Q Sauce Sa-weet
Q Sauce Sa-weet
$6.00 for 18oz at the Q Barbeque Store
Ketchup, Brown Sugar, High Fructose Corn Syrup, Granulated Sugar, Distilled Vinegar, Water, Apple Cider Vinegar, Corn Syrup, Worcestershire Sauce, Hydrogenized Vegetable Protein, Spice Blend, Chili Powder, Mustard Flour, Salt, Black Pepper, Ground Red Pepper, Onion Powder, Garlic Powder, Ground Allspice, Sodium Benzoate
There are few people I'm more familiar with in the world of barbecue than Tuffy Stone. Known as "The Professor," Tuffy has made a big name for himself in the world of smoked meats through numerous awards and championships with his competition team, Cool Smoke. This success led to him being featured as judge and contestant on the BBQ Pitmasters series, making him a household name among those that follow the barbecue world. I've been lucky enough to taste some of his excellent competition 'cue, but it wasn't until last spring that I finally had a chance to visit one of his three restaurants in the Richmond area, Q Barbeque. The food and service left me impressed, and on my way out, I grabbed two bottles of their Q Sauce to give a try out at home.

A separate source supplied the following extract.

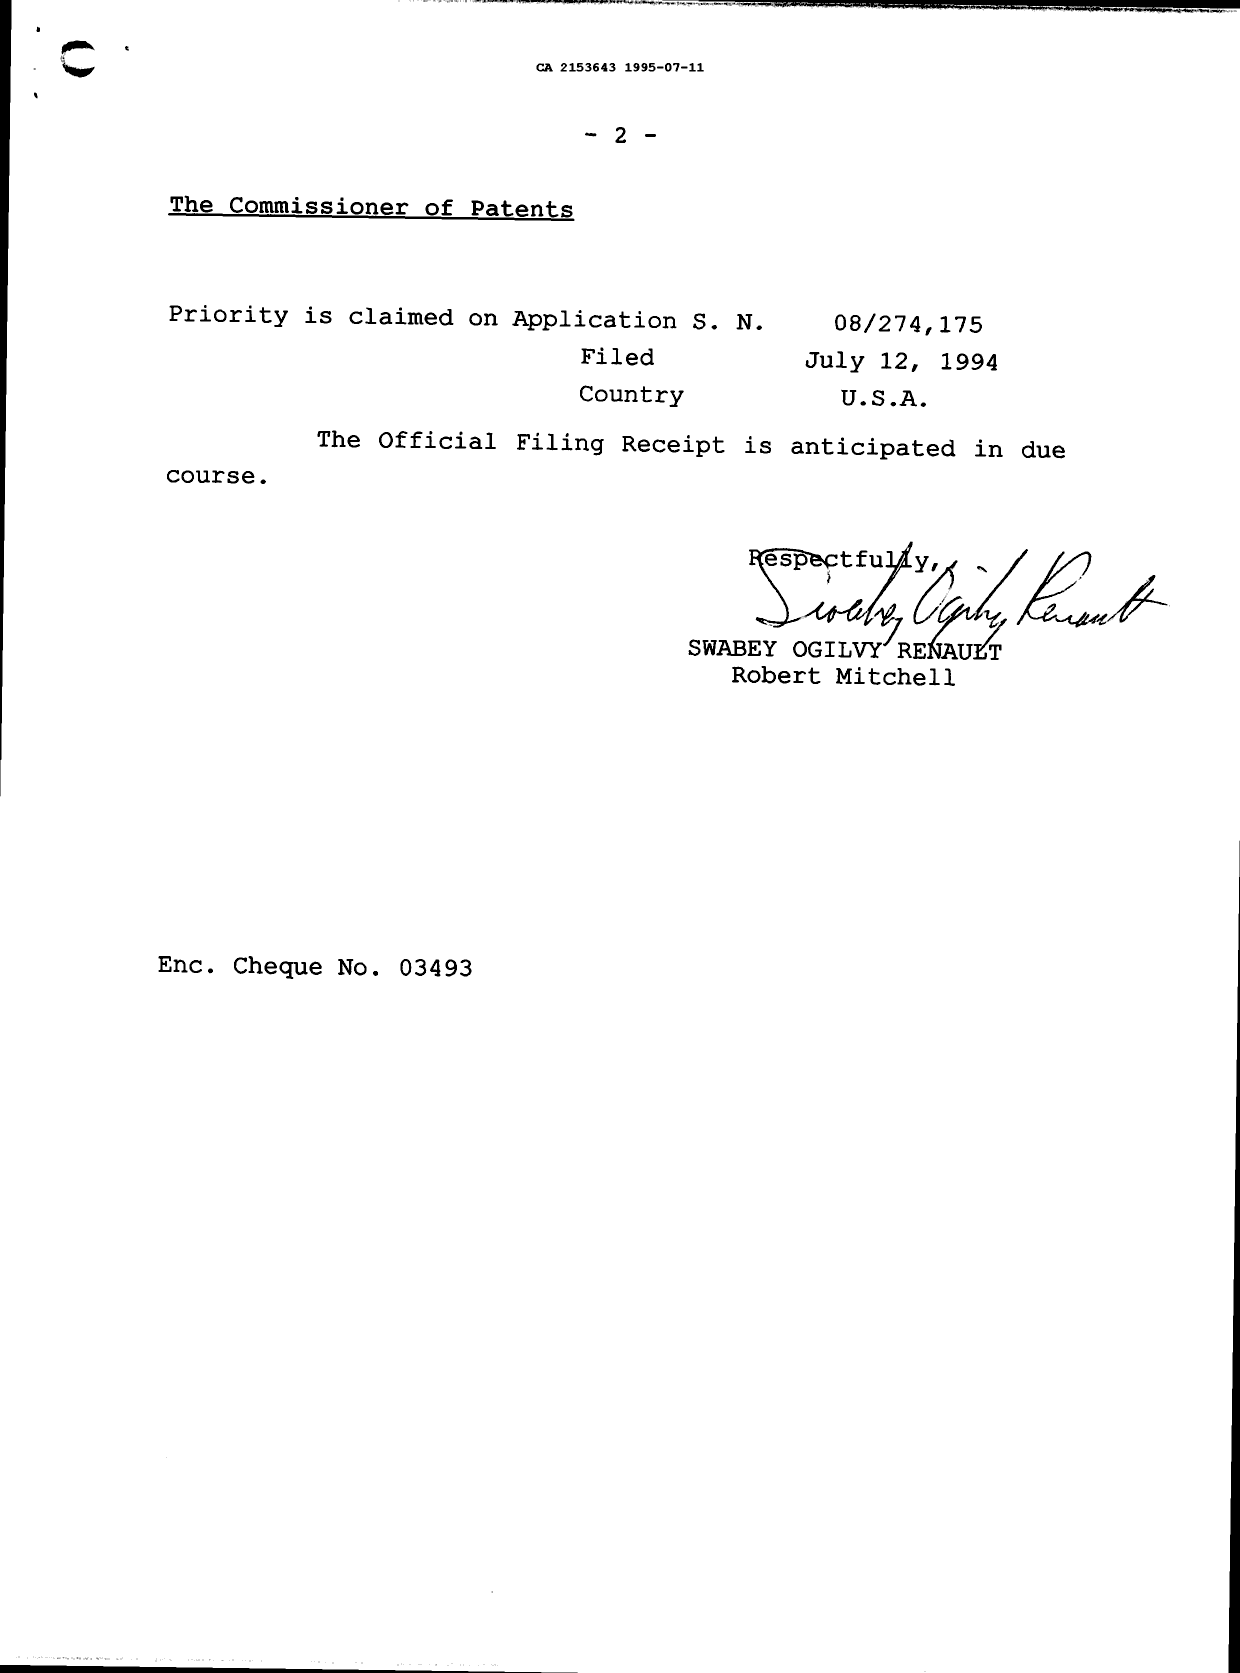 Canadian Patent Document 2153643. Prosecution Correspondence 19950711. Image 2 of 6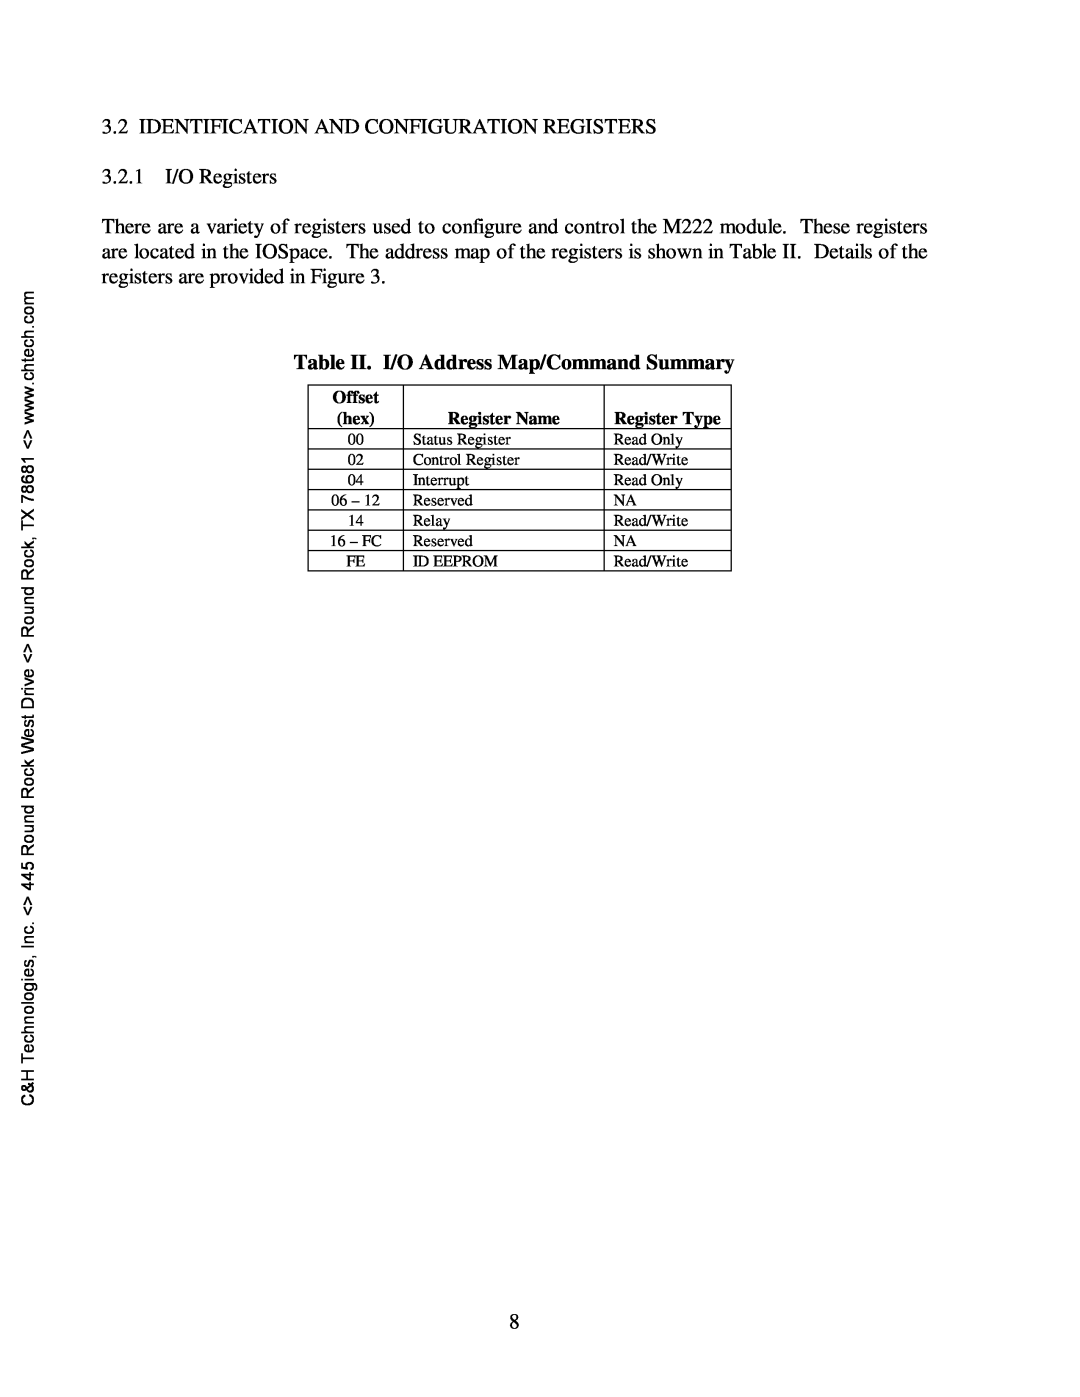 CH Tech M222 user manual Table II. I/O Address Map/Command Summary

A smoky, sweet molasses aroma fills the nose on the initial smell of this sauce. The sugary base also has a bright, fruity ketchup component that adds complexity to the sweetness. Upon a few deeper whiffs, a helping of Worcestershire makes itself easily known along with a mild tartness. There's also a garlicky, lightly earthy spice hiding in the background. Altogether, this adds up to a fairly standard barbecue aroma, hitting the common sweet, fruity, and tangy notes.
Thickness & Texture
This dark maroon sauce is opaque with a glossy sheen. This opacity makes it difficult to make out many spice specs, save for a few larger bits or black pepper here and there. The thickness hits right in the middle of the scale, and the sauce has a syrupy consistancy that has it flowing in a quick, steady stream from a suspended spoon. After a few final drips slowly release, a semi-transparent, medium coating of sauce is left clinging, in which you can clearly see a plethora of spices that were difficult to discern otherwise.
Out of the Jar
While the aroma may have been fairly standard, the flavor stands out in its uniqueness. It begins with super sweet, fruity ketchup flavor that gains complexity quickly by way of molasses and Worcestershire. That flavor persists and remains mellow enough for the spices to add their own touch next with garlic, onion, and an earthy, not-spicy chili. As the spices mingle with the sugar, vinegar starts to lend a mellow tang that builds to a medium tartness. Then the heat from the peppers hits and adds just enough spiciness to contrast the sugars, creating an incredibly well balanced mix of sweet, tangy, fruity, and spicy in the end.
Slathered & Cooked
On the grill, this sauce coated the chicken leg in a medium, even layer that baked down well over indirect heat. It then caramelized nicely over direct heat with no burn off. The chicken came off the grill with a picture perfect shiny mahogany color. The taste matched the looks with its flavor that was pretty identical with what came out of the jar. It retained its sweet, fruity profile with enough complexity to give the meat excellent flavor without being challenging. The best parts were the caramelized bits, which held intensified concentrations of these flavors that outdid the sauce in its raw state.
Put to Use
I'm a spicy sauce guy, so I'm always a little dubious whenever I crack open a bottle of the sweet stuff. I knew Q Sauce Sa-weet grabbed my attention at the restaurant, but perceptions while eating out can differ a lot when at home. Luckily memory was matched by stellar results with this sweet sauce when I gave it a test. It had a balance and complexity few sauces achieve, one that travels through one great flavor to the next without tasting overly bold or pulled too much in one direction or the other. The fact the it had these traits out of the jar and after being cooked is worth noting as well, since the tendency is for sweetness to overtake all after being cooked, but that was not the case here. I can imagine this sauce going great on almost anything I throw on the grill or smoker—whether it be used as a slather while cooking or dip when serving.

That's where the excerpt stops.